A well-developed research question makes everything that comes after significantly easier. When you sit down to write a grant proposal, a clear and defensible question is the foundation everything else builds on. When you design your study, the question dictates the appropriate methods. When you write your IRB application, a specific question makes the risk-benefit analysis much more tractable.

As your question takes shape, it is also worth thinking about feasibility from a compute perspective. If your plan involves training a large neural network or analyzing millions of records, the computational requirements should inform your timeline and resource planning. See Chapter 13 for guidance on choosing computing resources, and Chapter 31 if you need to understand GPU specs and compute terminology.

The planning phase often feels like it should be over faster than it is. Researchers sometimes rush through it because it does not feel like “real” work yet. But time spent getting the question right tends to pay back later in cleaner designs, more focused data collection, and cleaner papers. AI can help you spend that time more productively.

Try This

Pick a research area you are currently thinking about, something you are curious about but have not yet committed to a specific question. Then try the following sequence over a single working session.

Start by writing two or three sentences describing your interest, as if you were explaining it to a thoughtful colleague outside your field. Then take that description to an AI tool and ask it to help you develop several possible research questions from it. Do not filter yet — generate options first.

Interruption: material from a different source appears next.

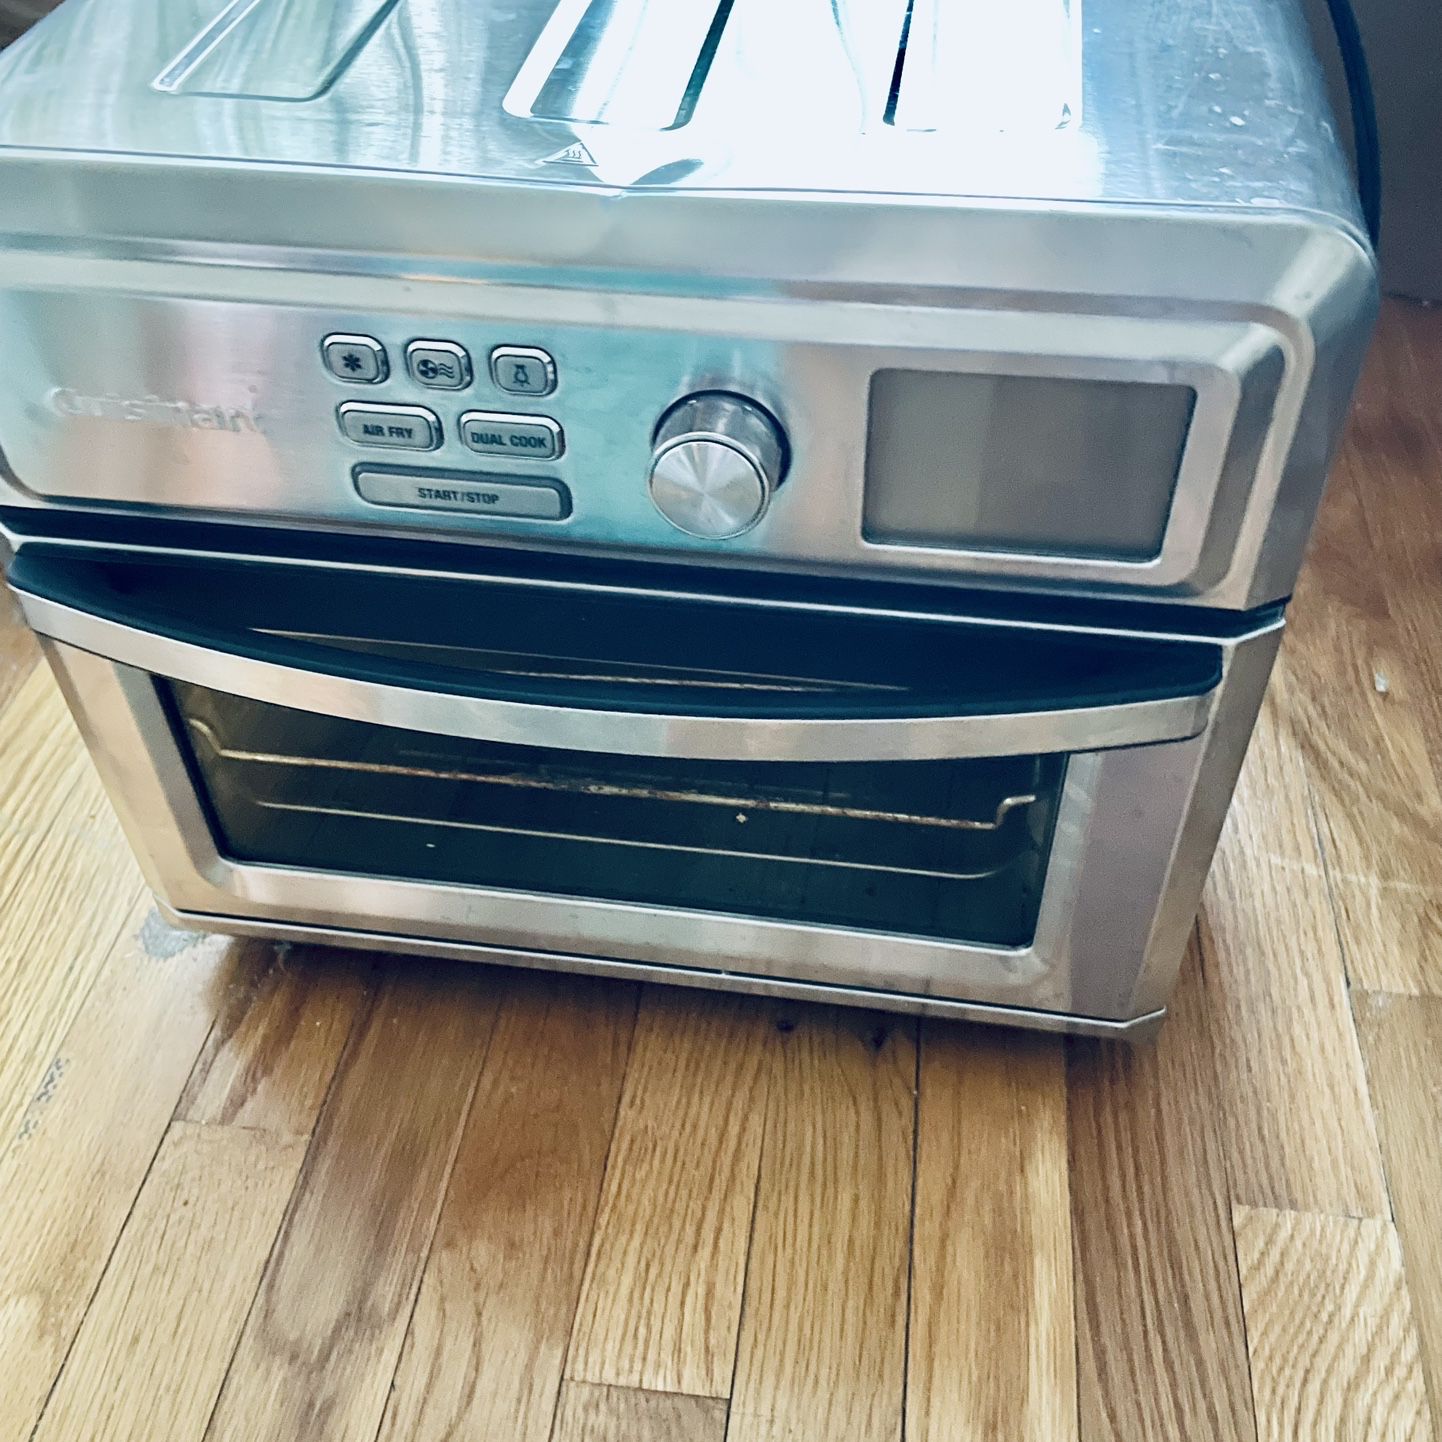 Digital Air Fryer Toaster Oven

For each question it suggests, evaluate whether it is actually interesting to you, whether it is feasible given what you have access to, whether it is specific enough to study, and whether it builds on what you already know from the literature.

Pick the one or two that seem most promising and go deeper. Ask the AI to help you refine the wording, identify what you would need to measure, and surface any obvious methodological concerns. Then ask it what similar studies exist and what would make yours different.

By the end of the session you should have something considerably more specific than what you started with. The goal is not a finished research proposal — it is a question you could plausibly defend to a skeptical colleague. That is enough to move forward.